***** Data supplied *****

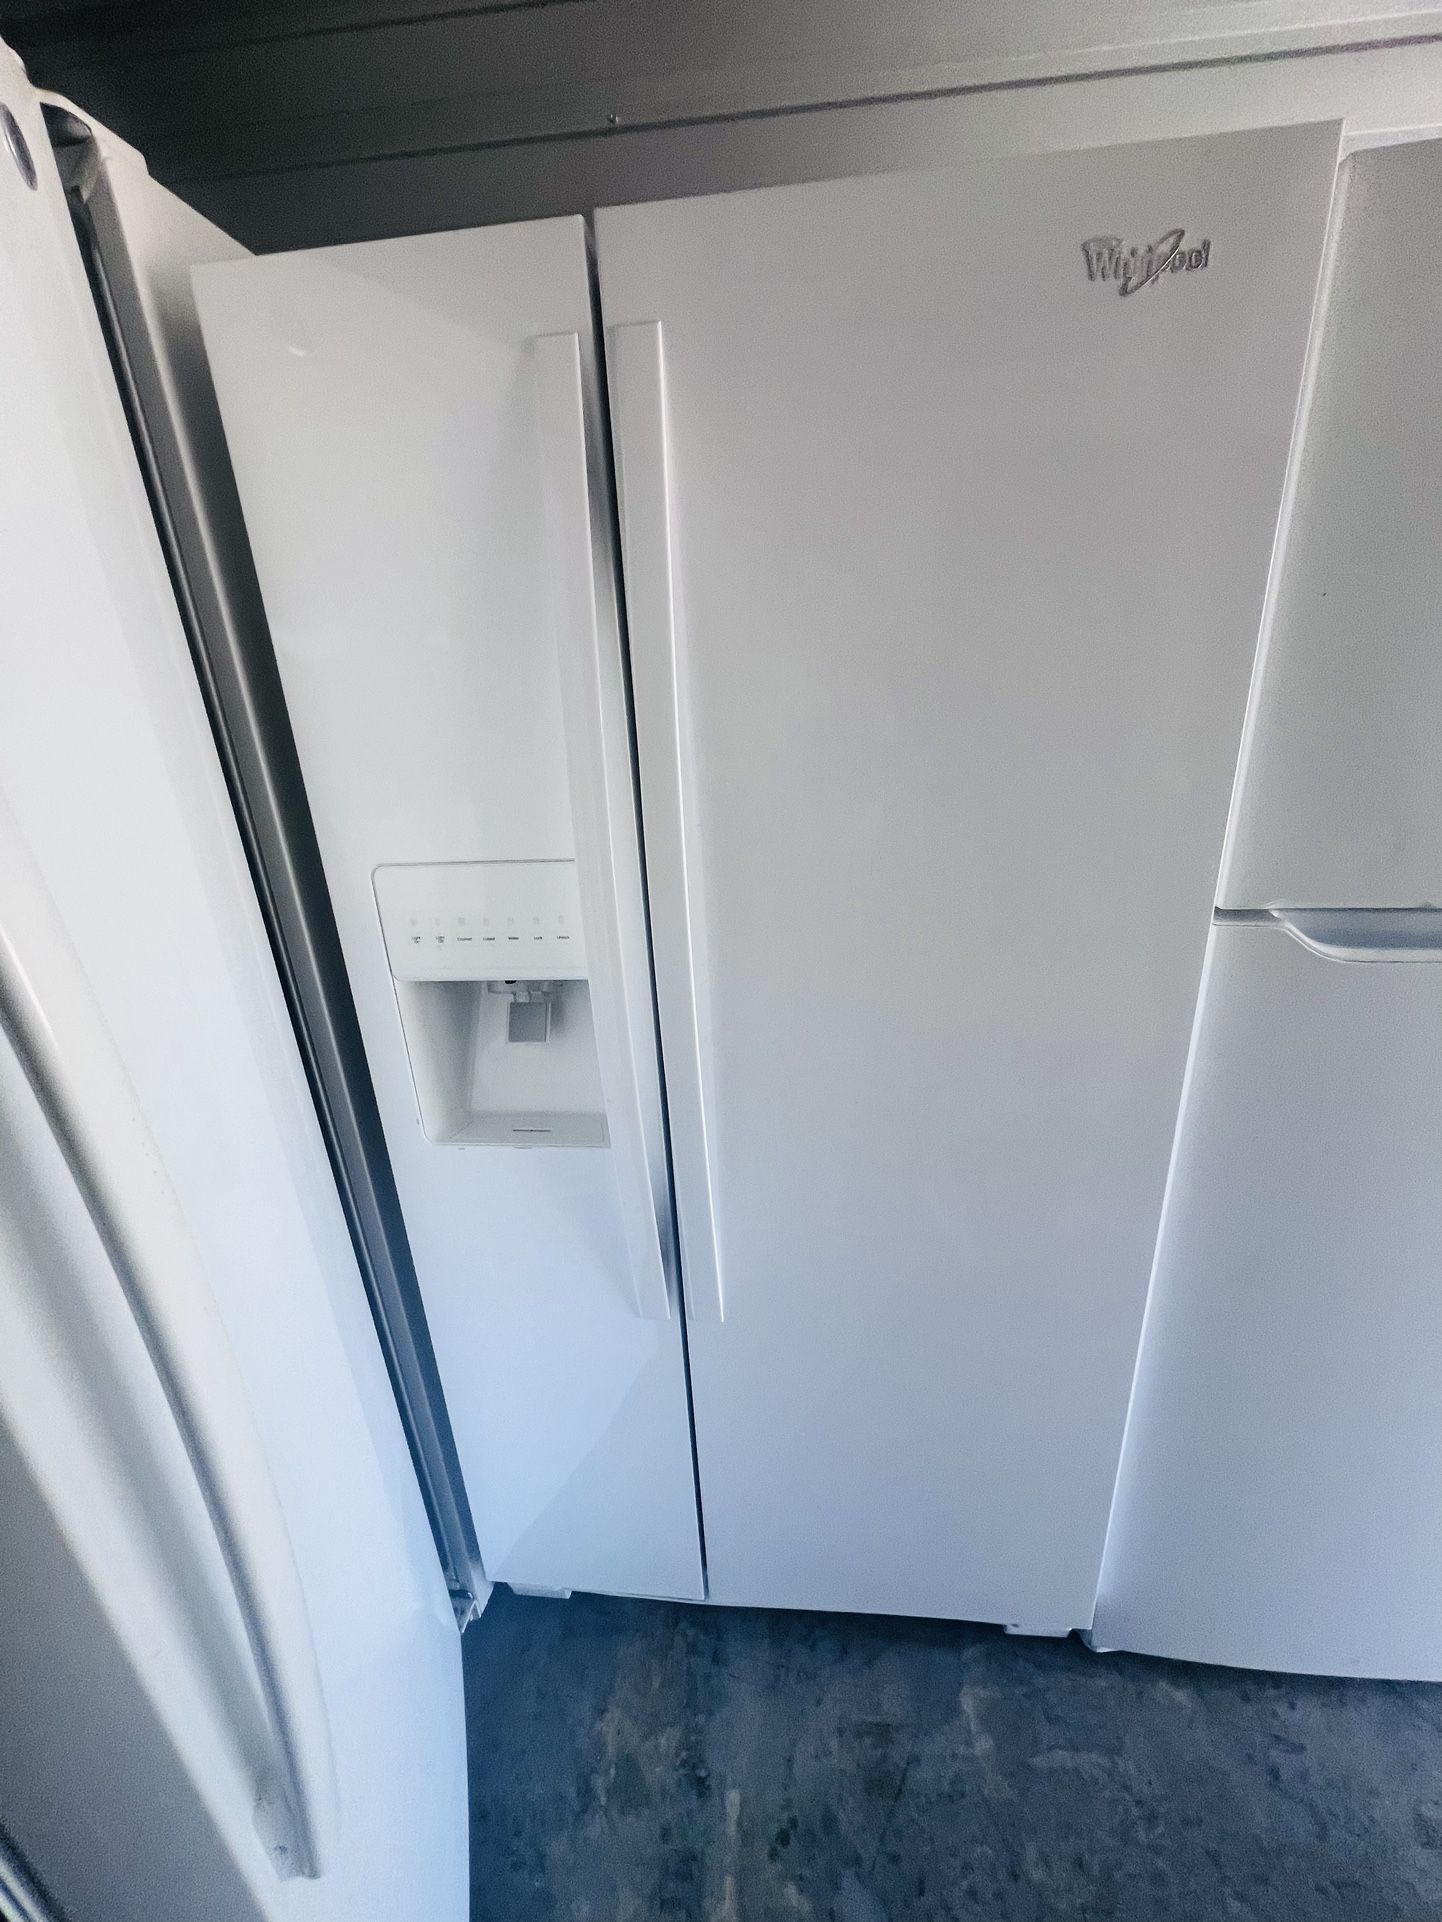 GE Side By Side Refrigerator 
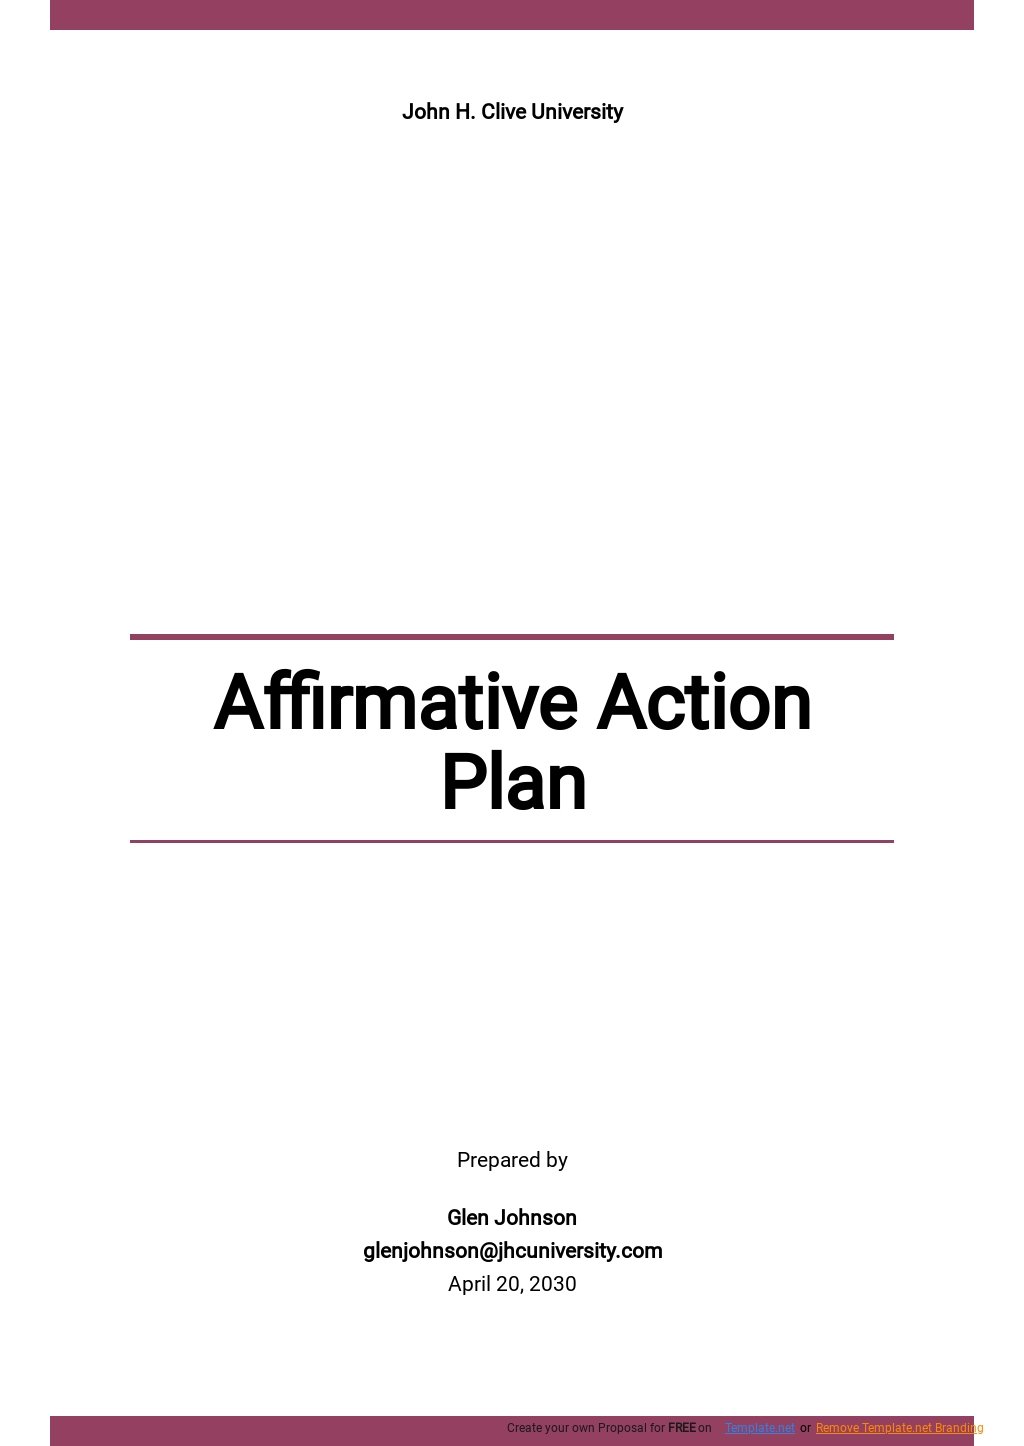 University Affirmative Action Plan Template
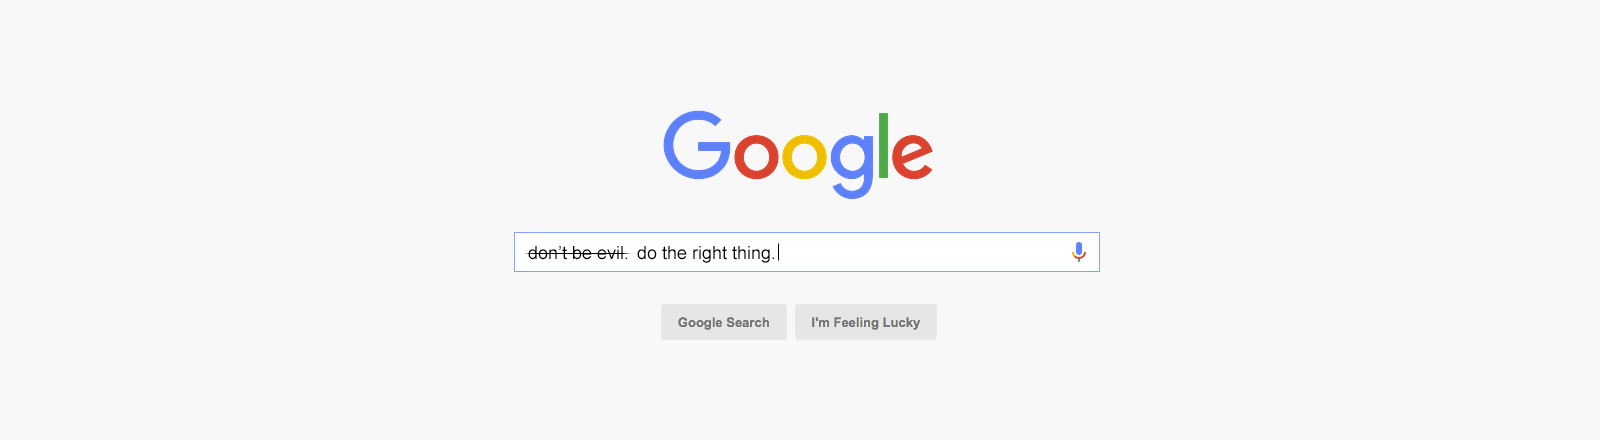 Гуглить. "Do the right thing" Google.
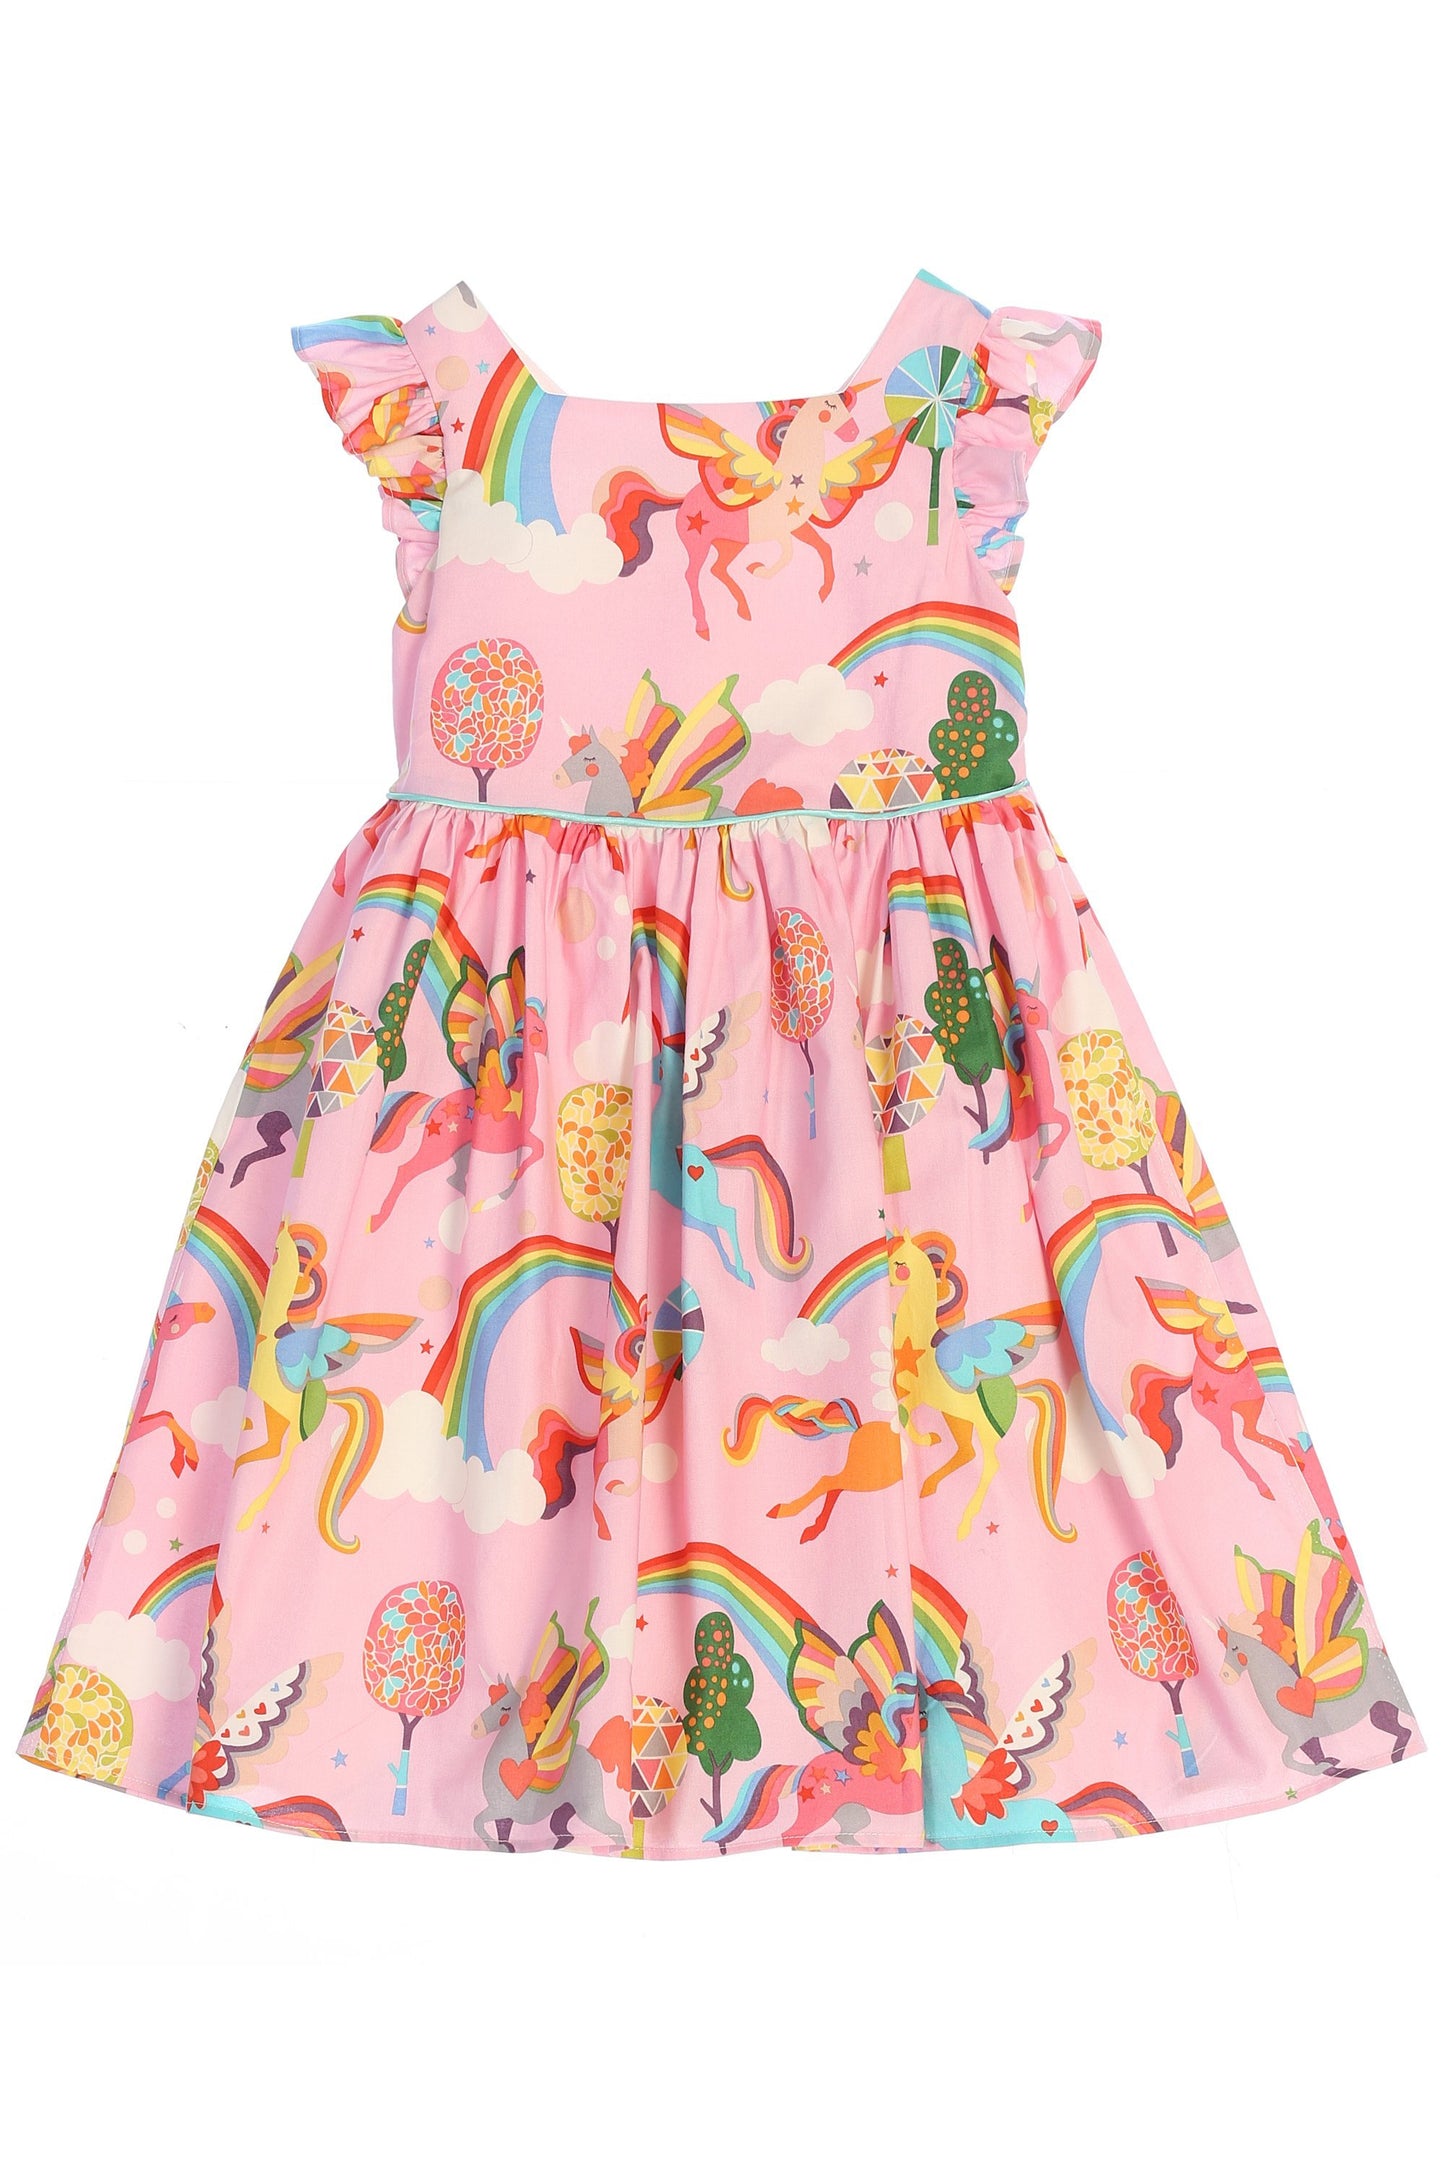 Dress - Rainbow Unicorn Girl Dress- Pink
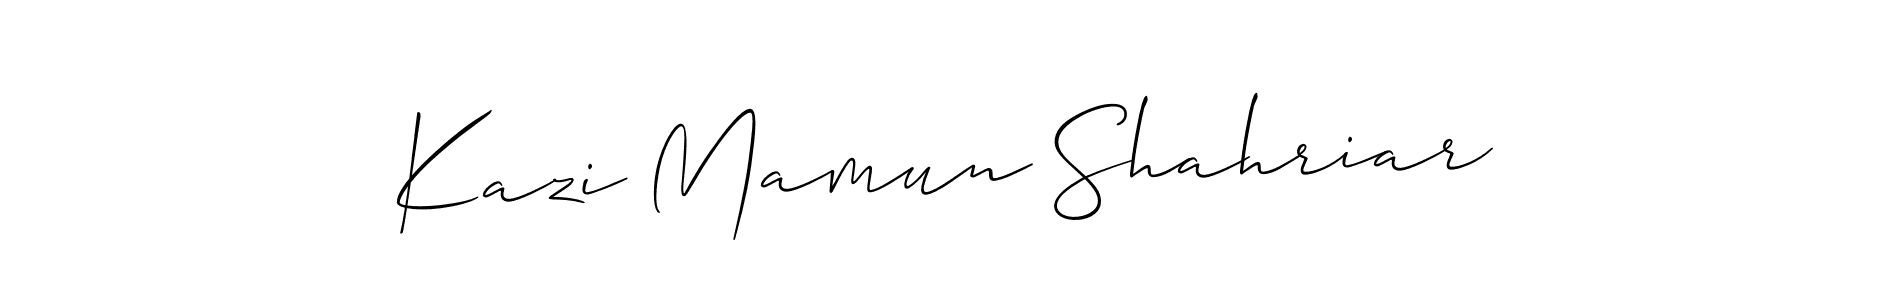 How to Draw Kazi Mamun Shahriar signature style? Allison_Script is a latest design signature styles for name Kazi Mamun Shahriar. Kazi Mamun Shahriar signature style 2 images and pictures png

*****

*Brief:*
Write the entries above out in full, exactly, with no images.

*Task result:*
 GE Side By Side Refrigerator 
 University Affirmative Action Plan Template
 Гуглить. "Do the right thing" Google.
 Dress - Rainbow Unicorn Girl Dress- Pink
 How to Draw Kazi Mamun Shahriar signature style? Allison_Script is a latest design signature styles for name Kazi Mamun Shahriar. Kazi Mamun Shahriar signature style 2 images and pictures png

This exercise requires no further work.